- WORK REQUIRED
Starting with the line that contains "Procesor AMD Sempron", return every line through the end of the listing below exactly as written. Omit the pictures.

- SUPPLIED INFORMATION
-- -- --
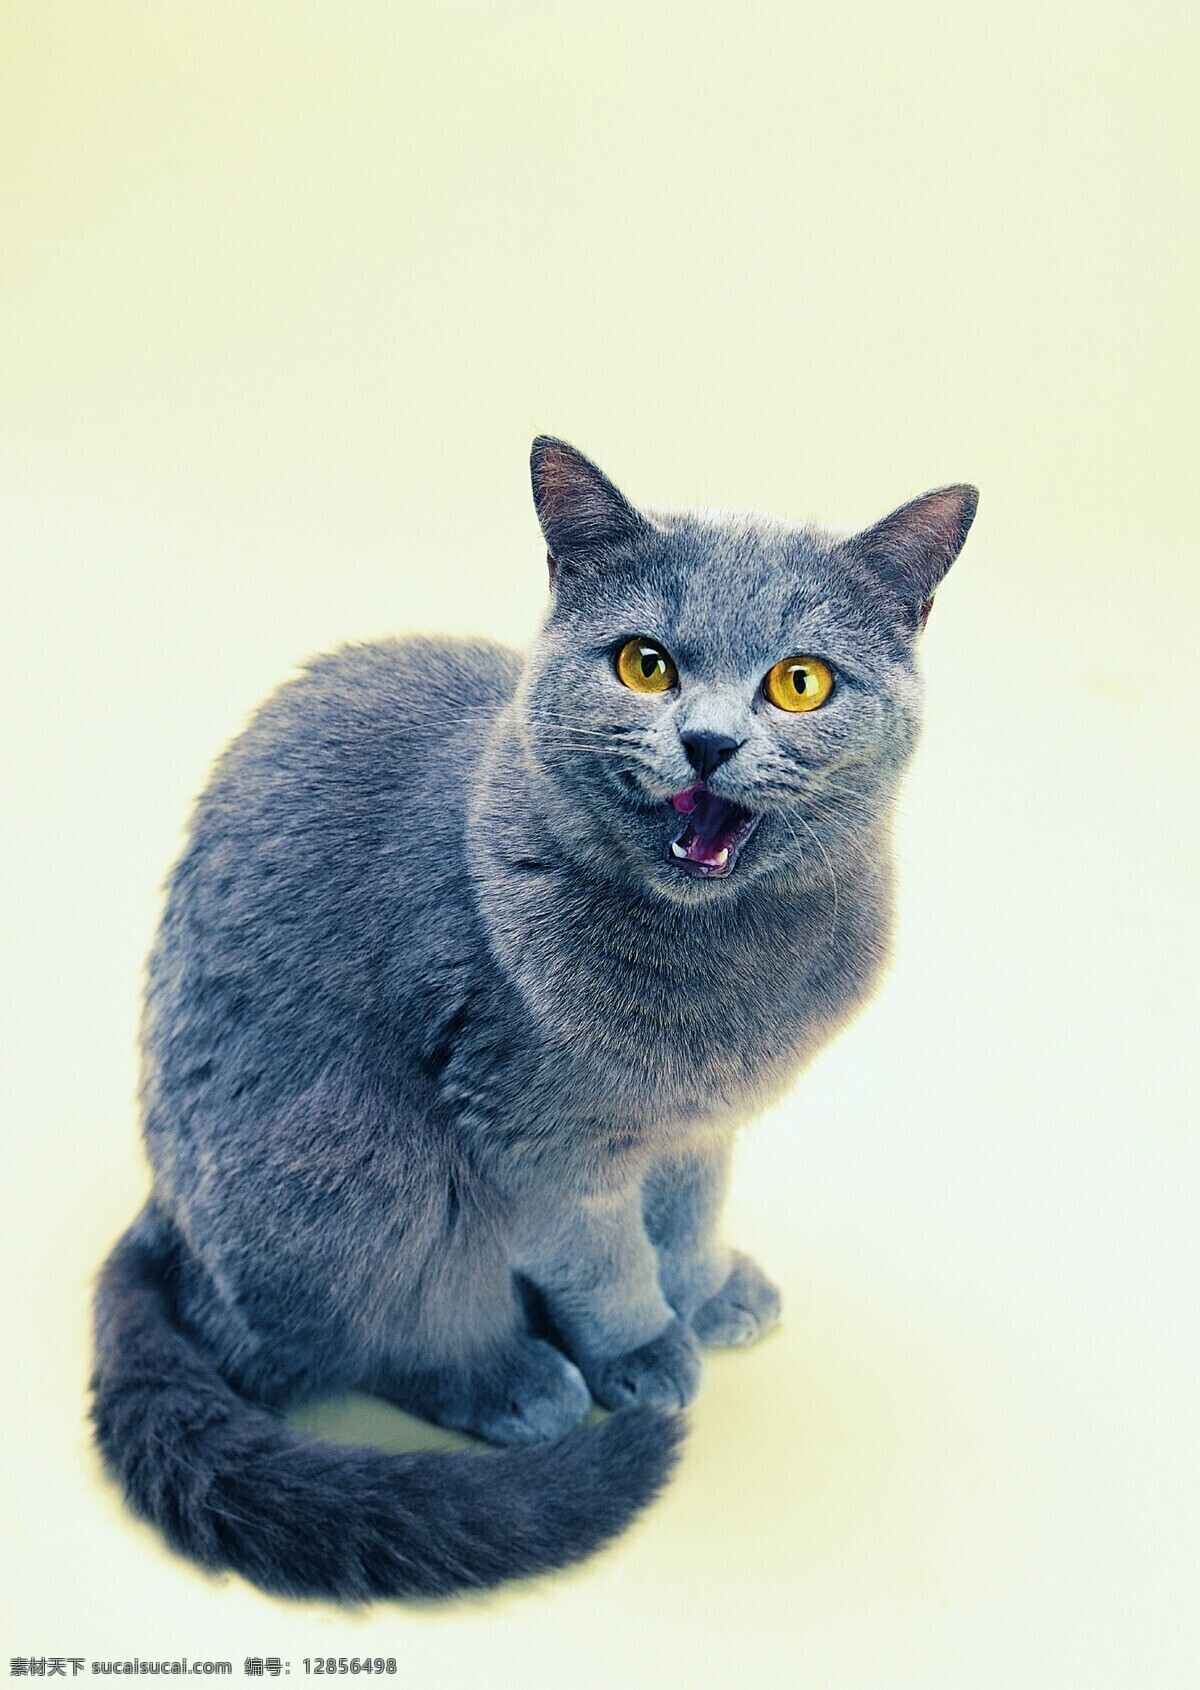 蓝猫 猫 黄猫 花猫 小猫 猫咪 宠物 动物 家庭宠物 动物写真 可爱 萌 家禽家畜 生物世界
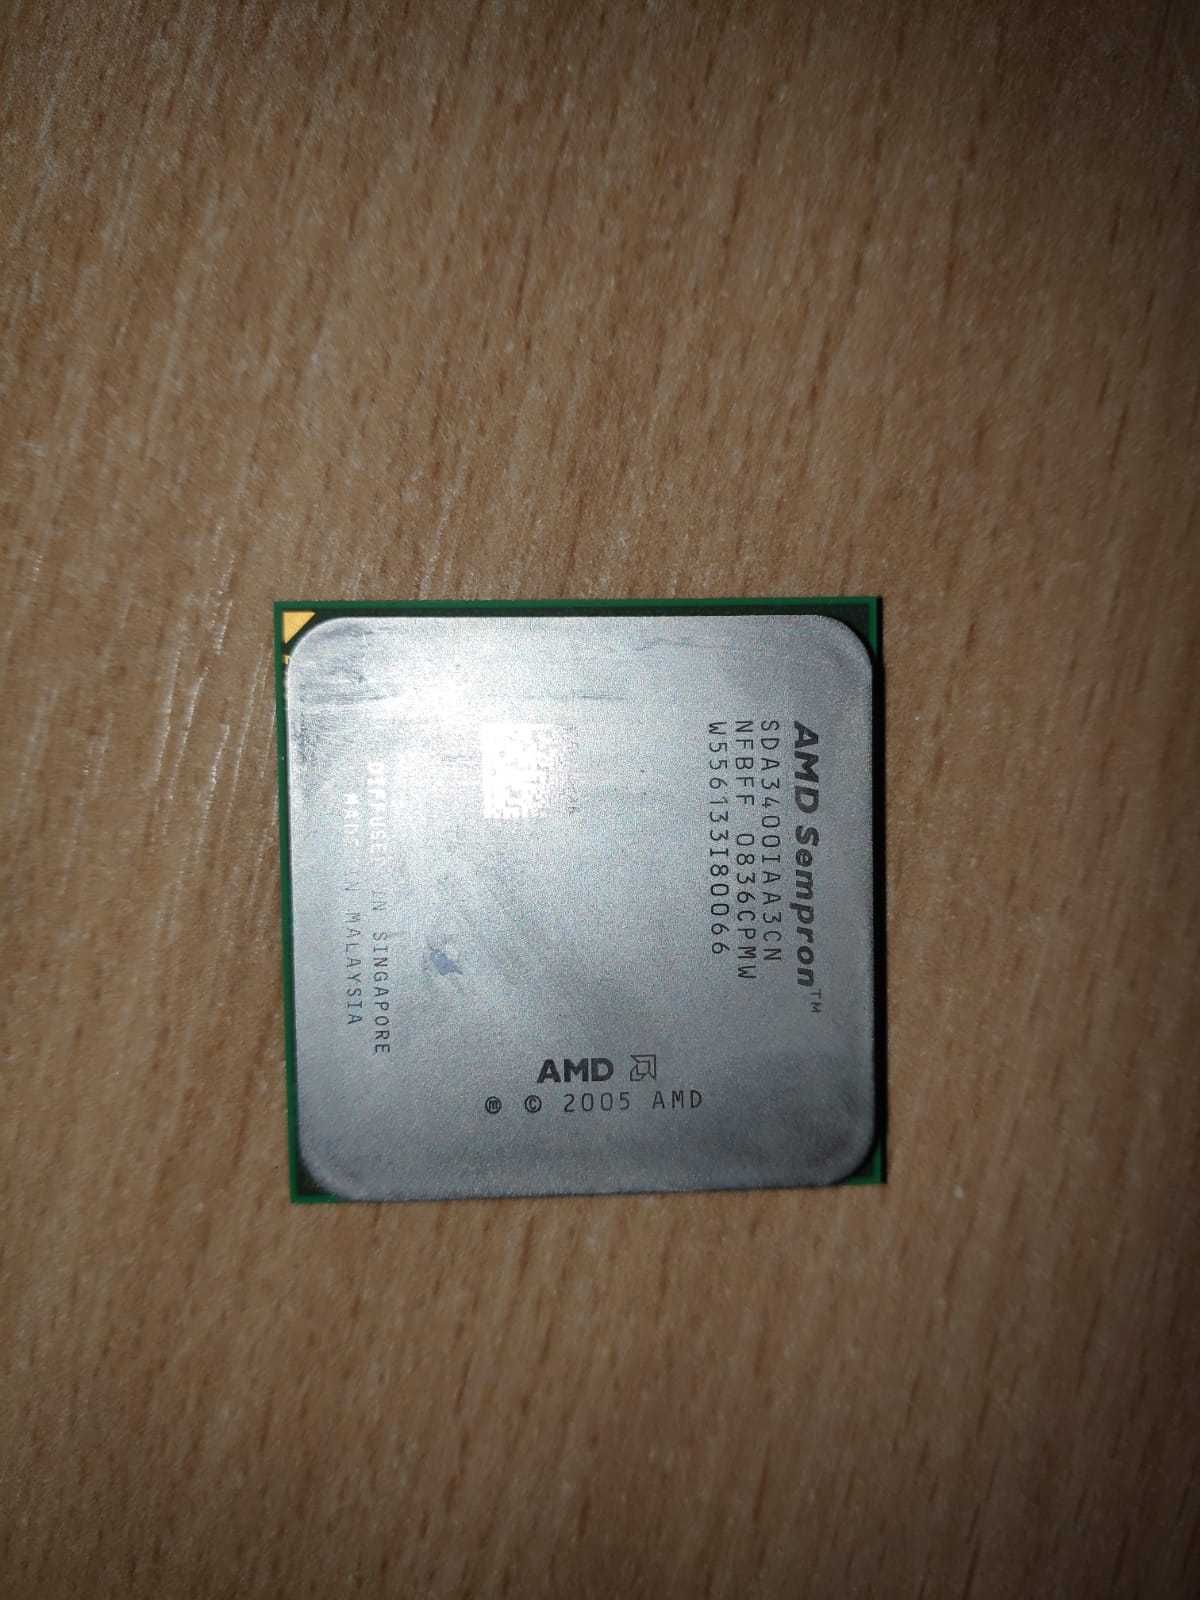 Procesor AMD Sempron 3400 + HDD Hitachi 160gb + 1 DVD ROM
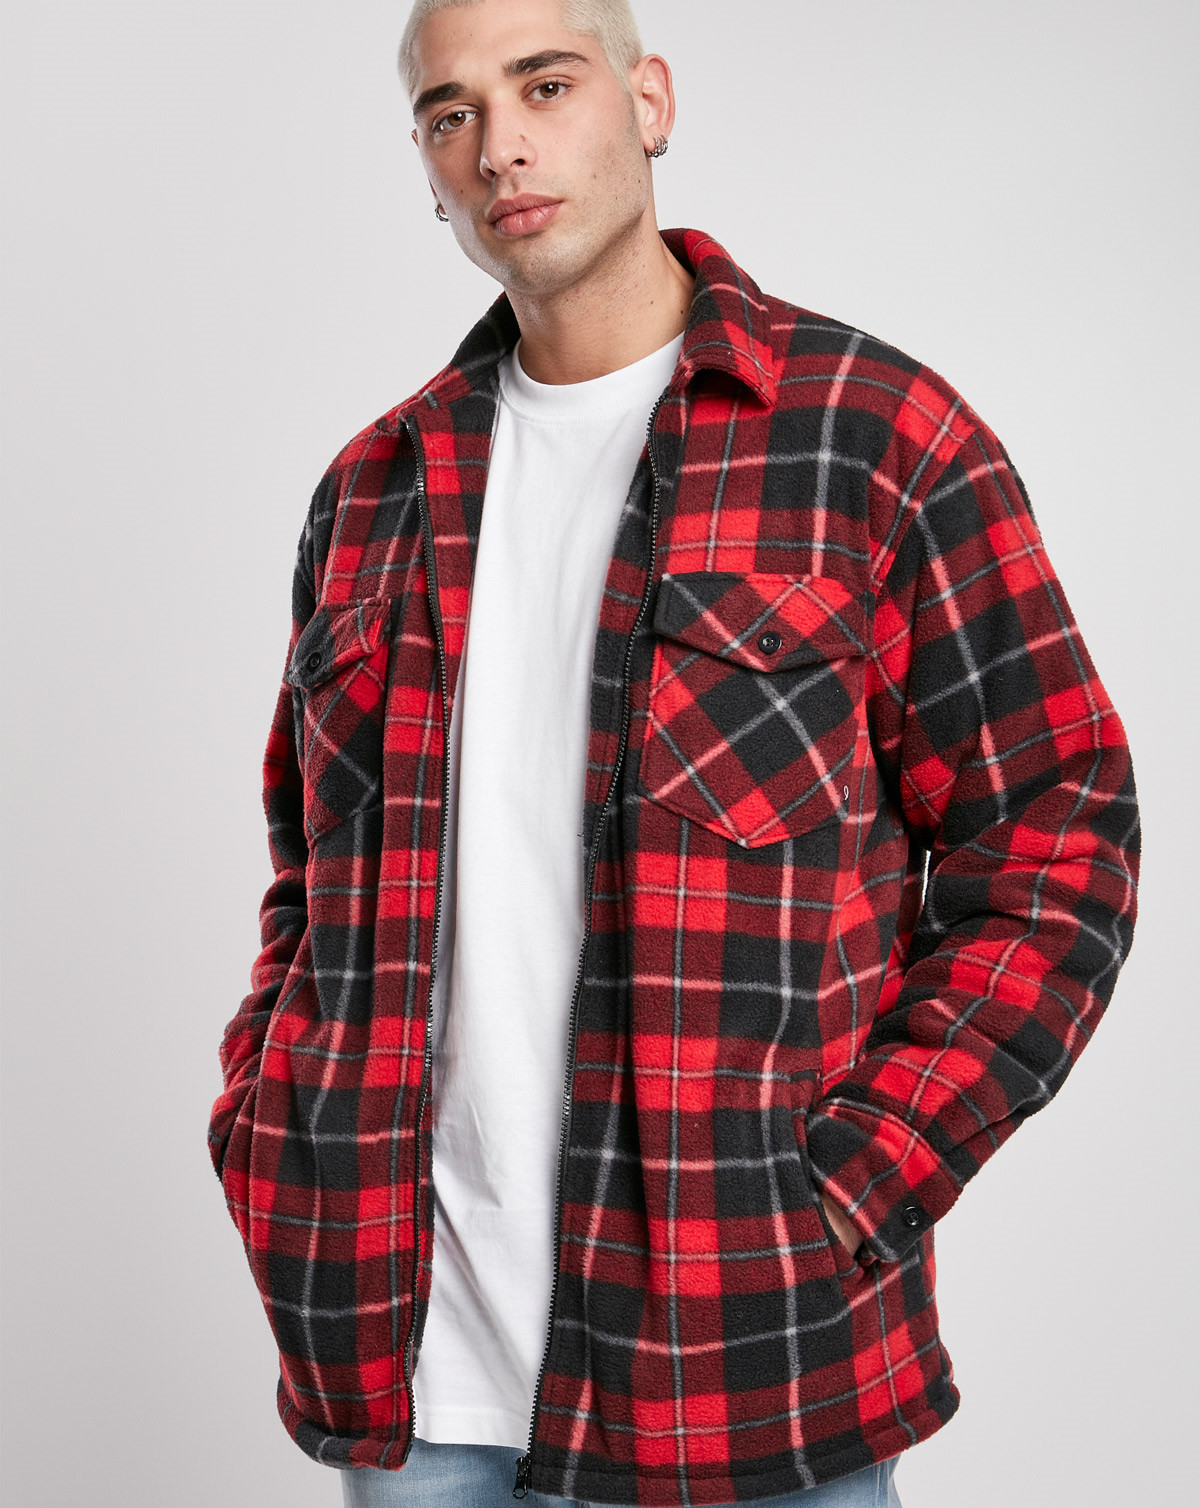 #3 - Urban Classics Plaid Teddy Lined Shirt Jacket (Rød / Sort, 5XL)
-- -- --
- YOUR RESPONSE
 Procesor AMD Sempron 3400 + HDD Hitachi 160gb + 1 DVD ROM
 #3 - Urban Classics Plaid Teddy Lined Shirt Jacket (Rød / Sort, 5XL)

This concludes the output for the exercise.